Required work — Reproduce only the lines below from the line containing "Helsinki Cathedral by Oscar H. L." to the line containing "adidas Women's Shoes", exactly as written, with both end lines kept. Omit the pictures.

Supplied records —
*-*-*

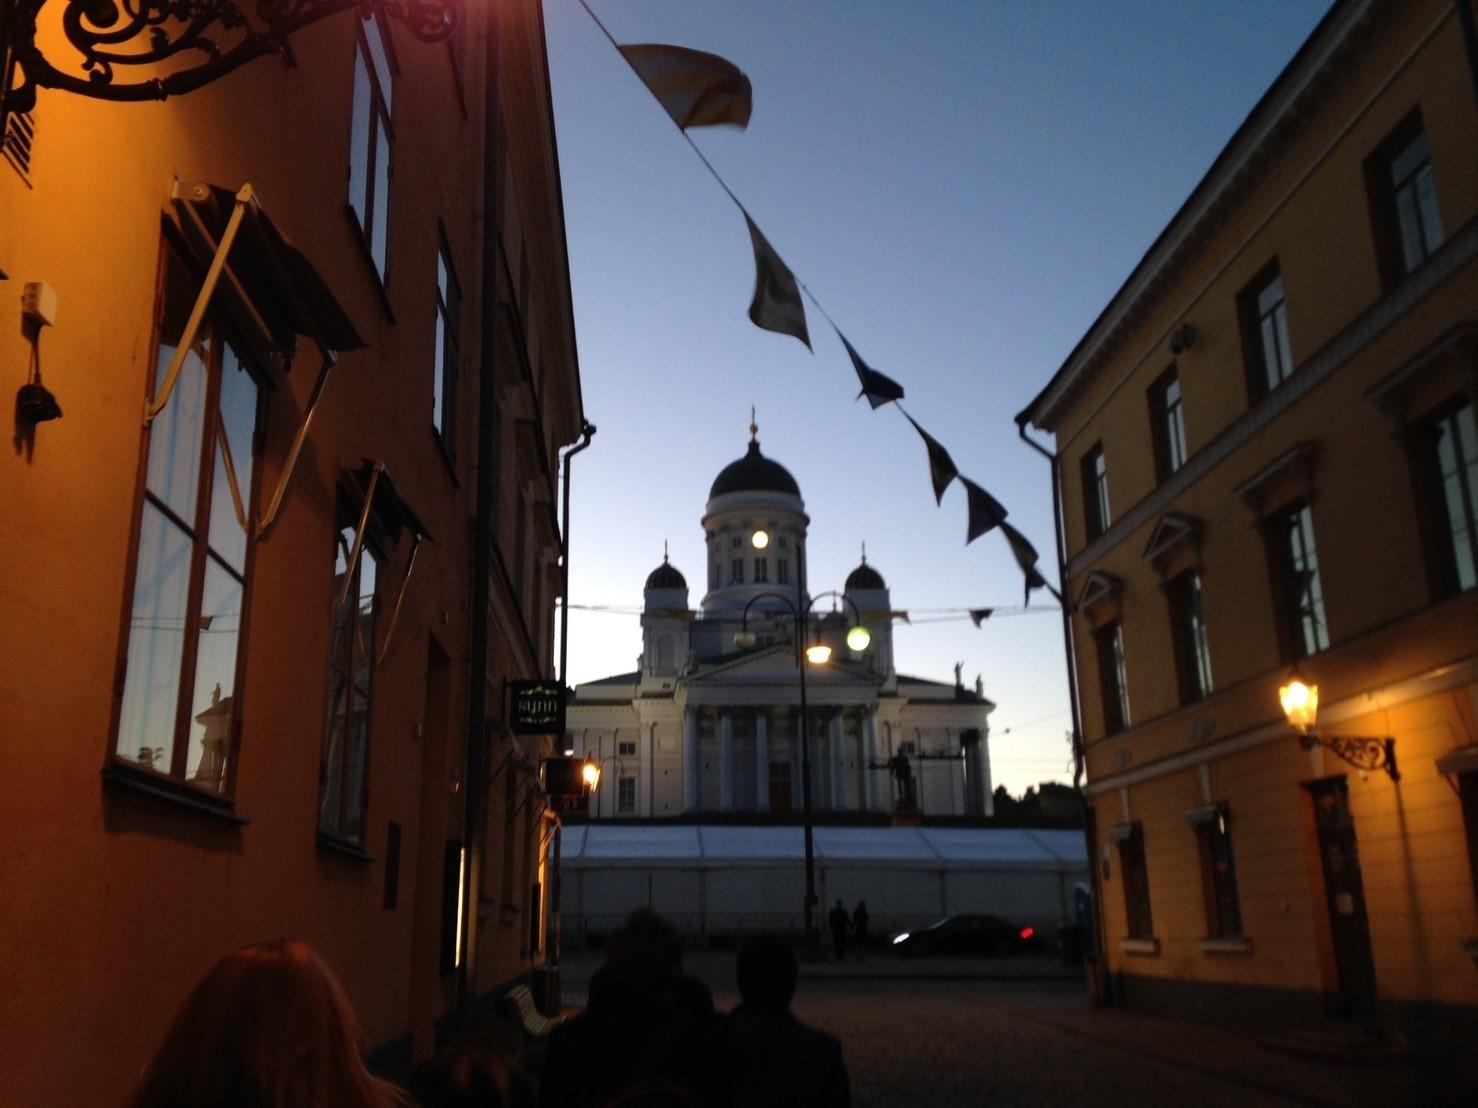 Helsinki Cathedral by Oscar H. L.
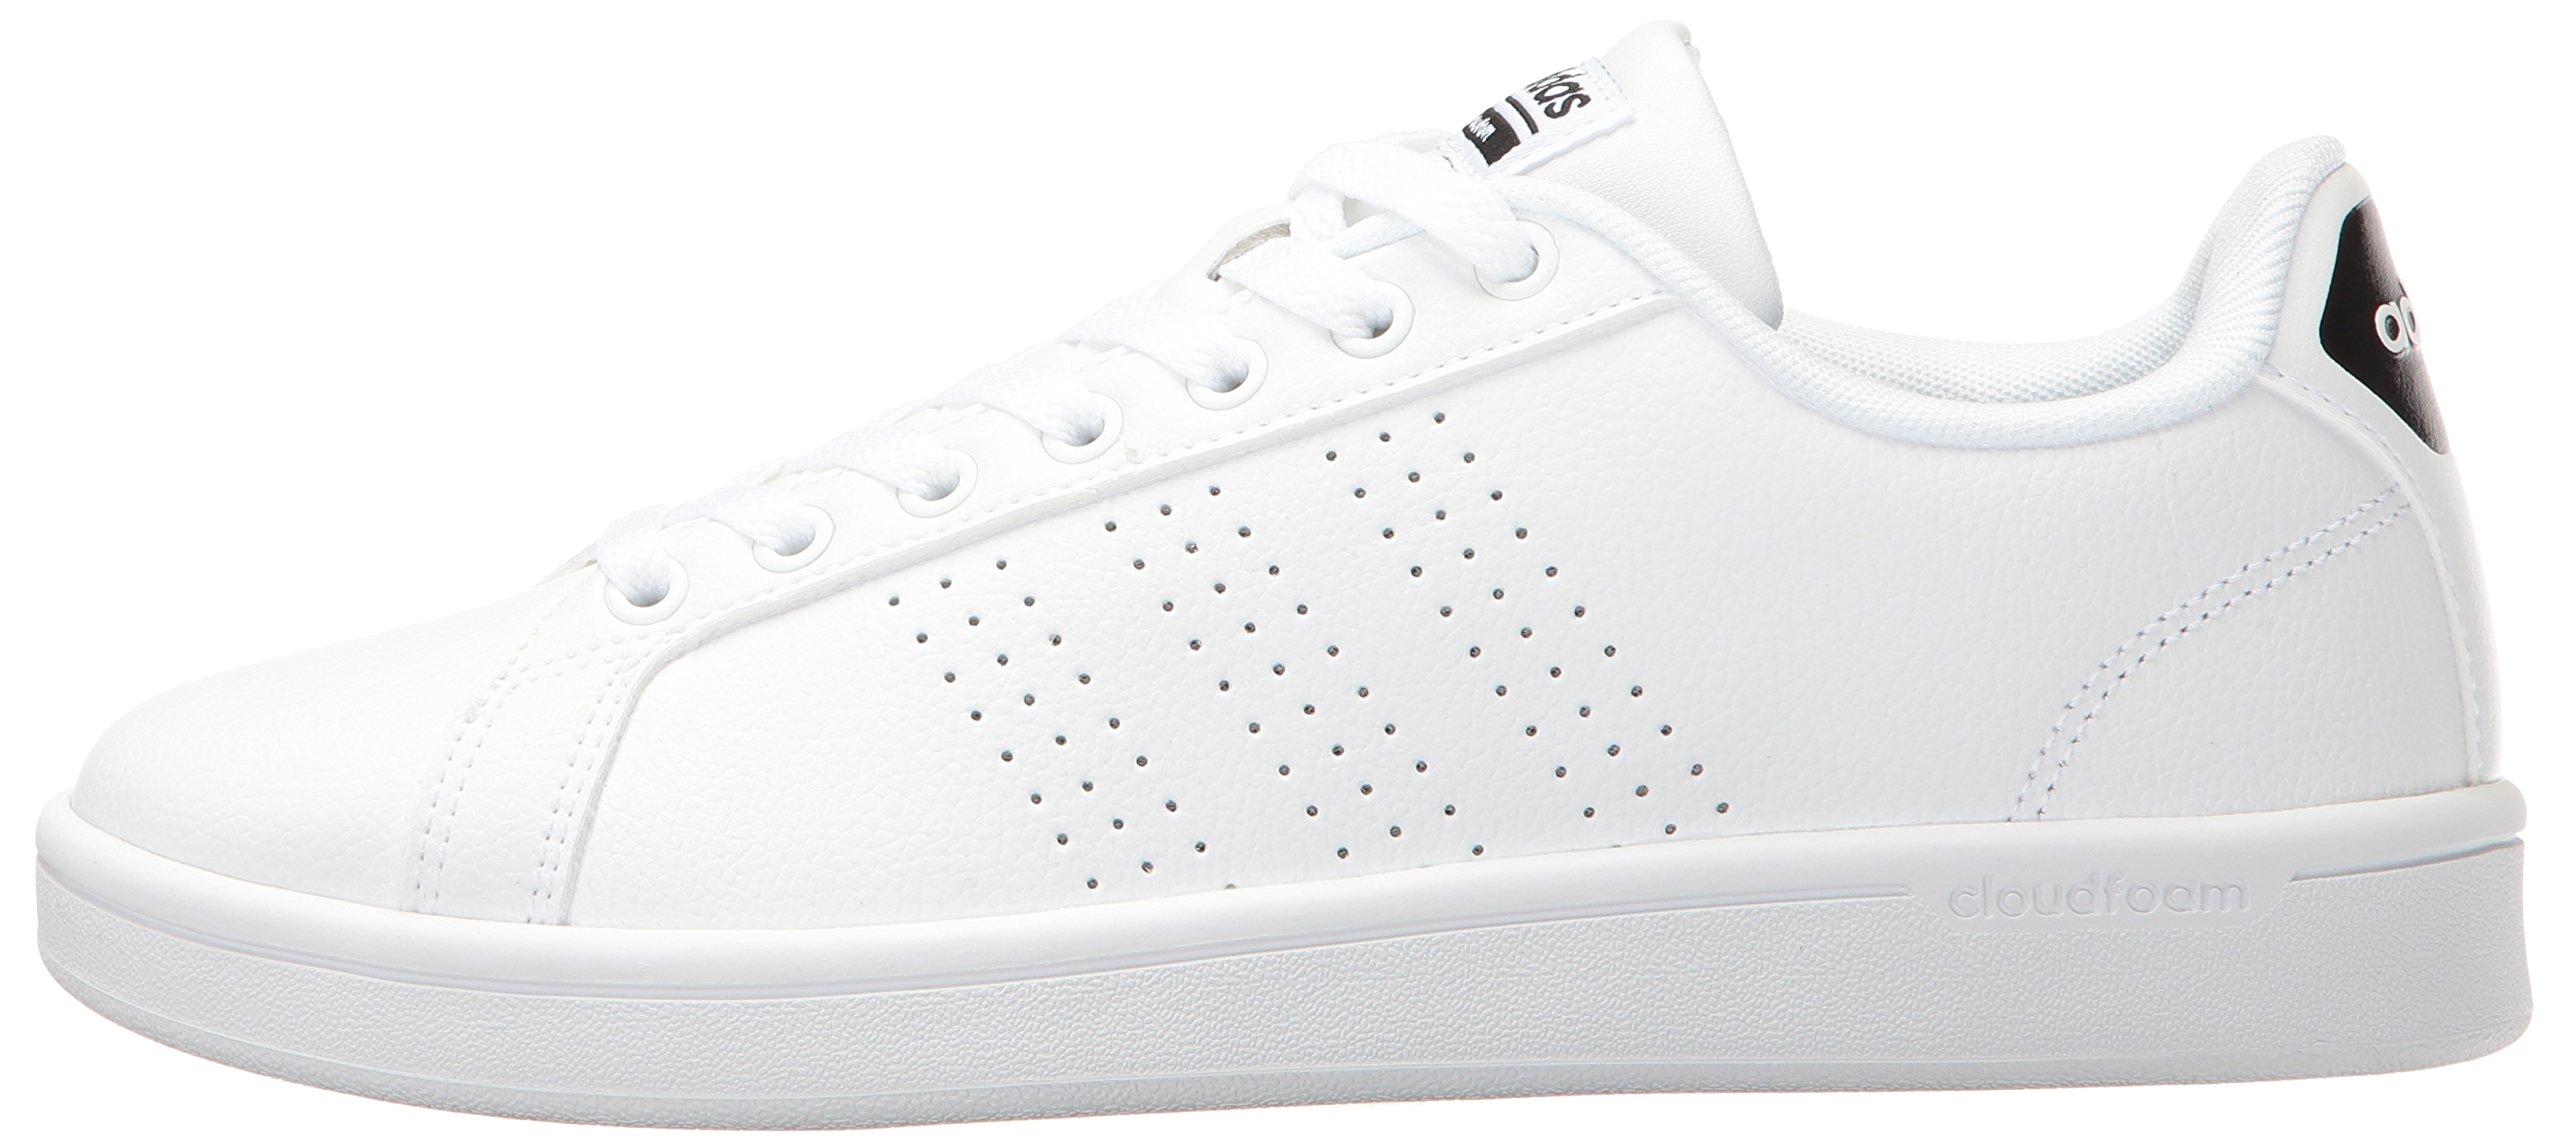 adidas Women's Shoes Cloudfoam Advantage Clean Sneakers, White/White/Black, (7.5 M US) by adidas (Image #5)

*-*-*

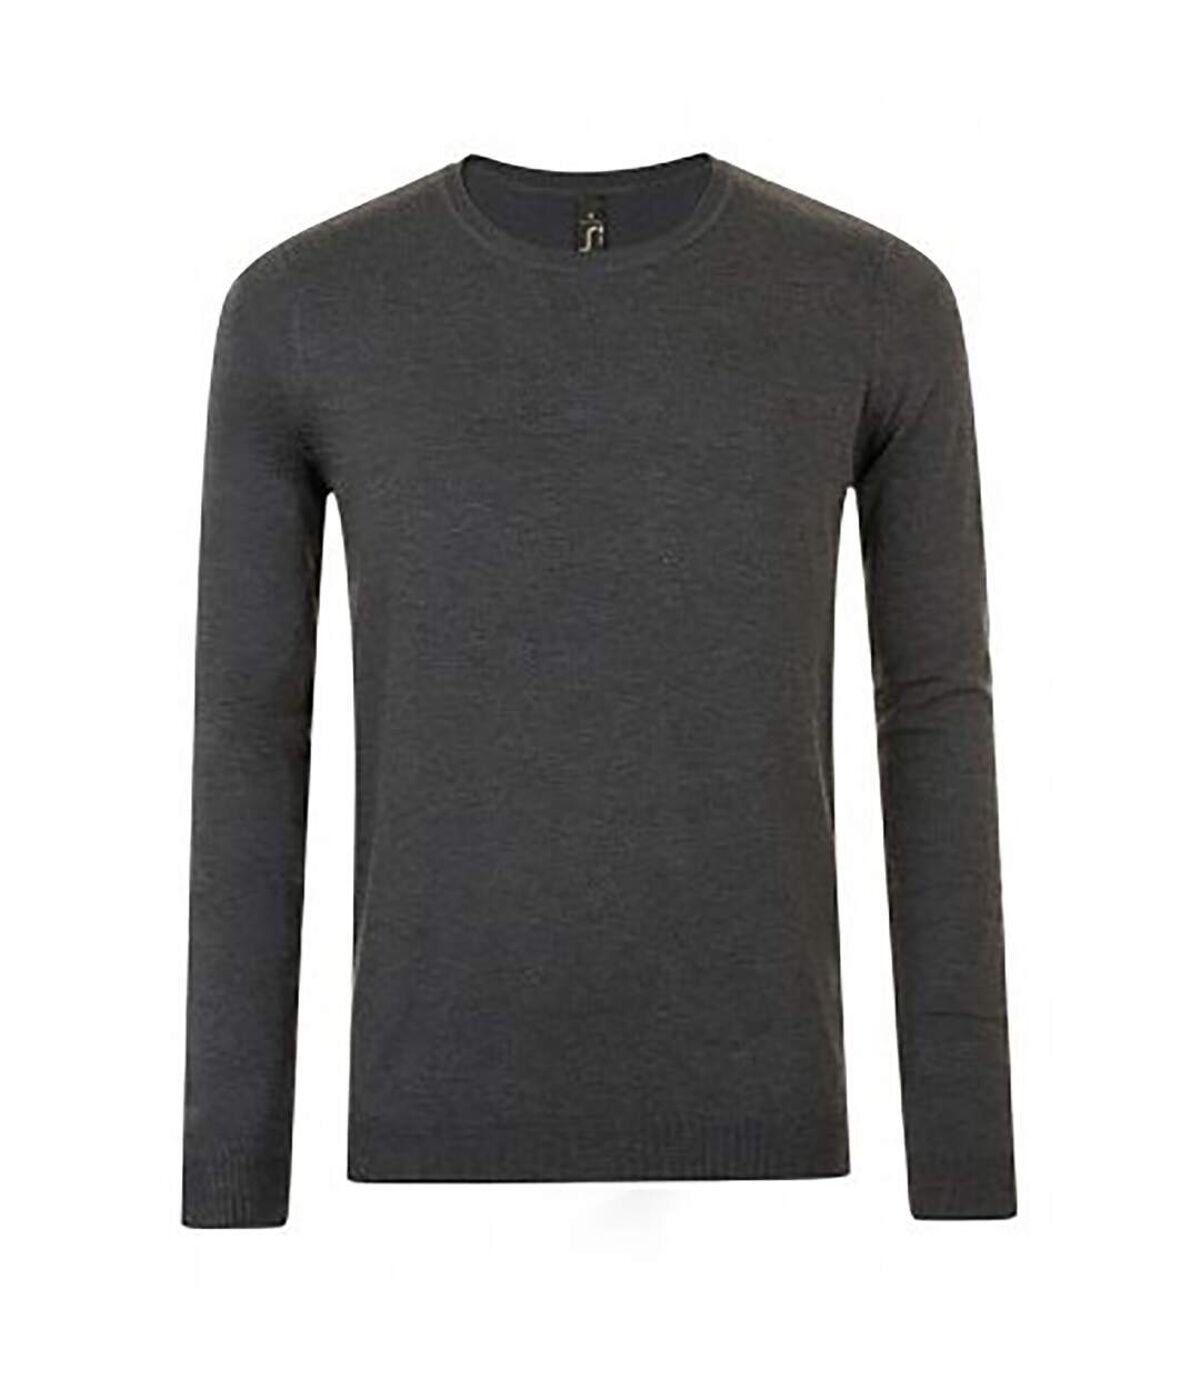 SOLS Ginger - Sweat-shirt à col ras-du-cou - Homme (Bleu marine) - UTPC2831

*-*-*

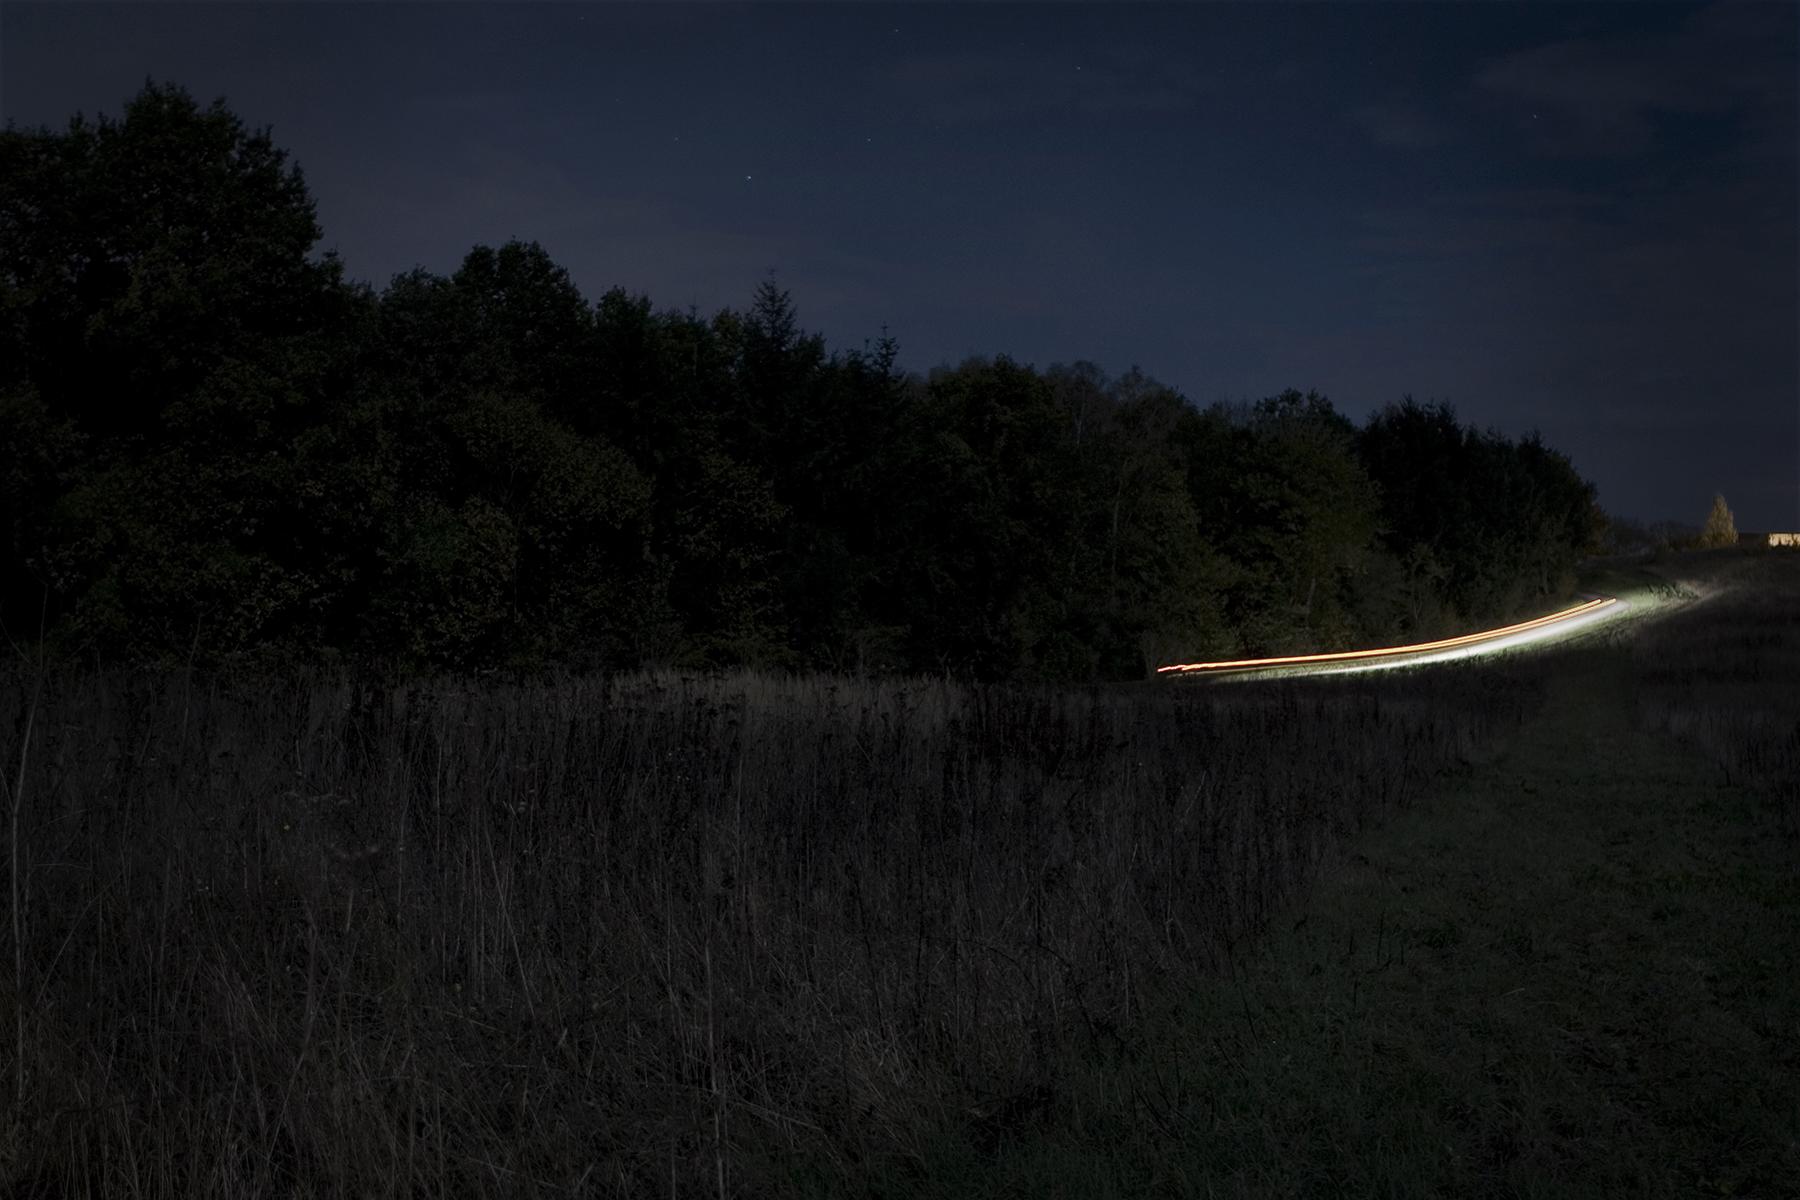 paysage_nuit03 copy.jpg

*-*-*

Written answer —
 Helsinki Cathedral by Oscar H. L.
 adidas Women's Shoes Cloudfoam Advantage Clean Sneakers, White/White/Black, (7.5 M US) by adidas (Image #5)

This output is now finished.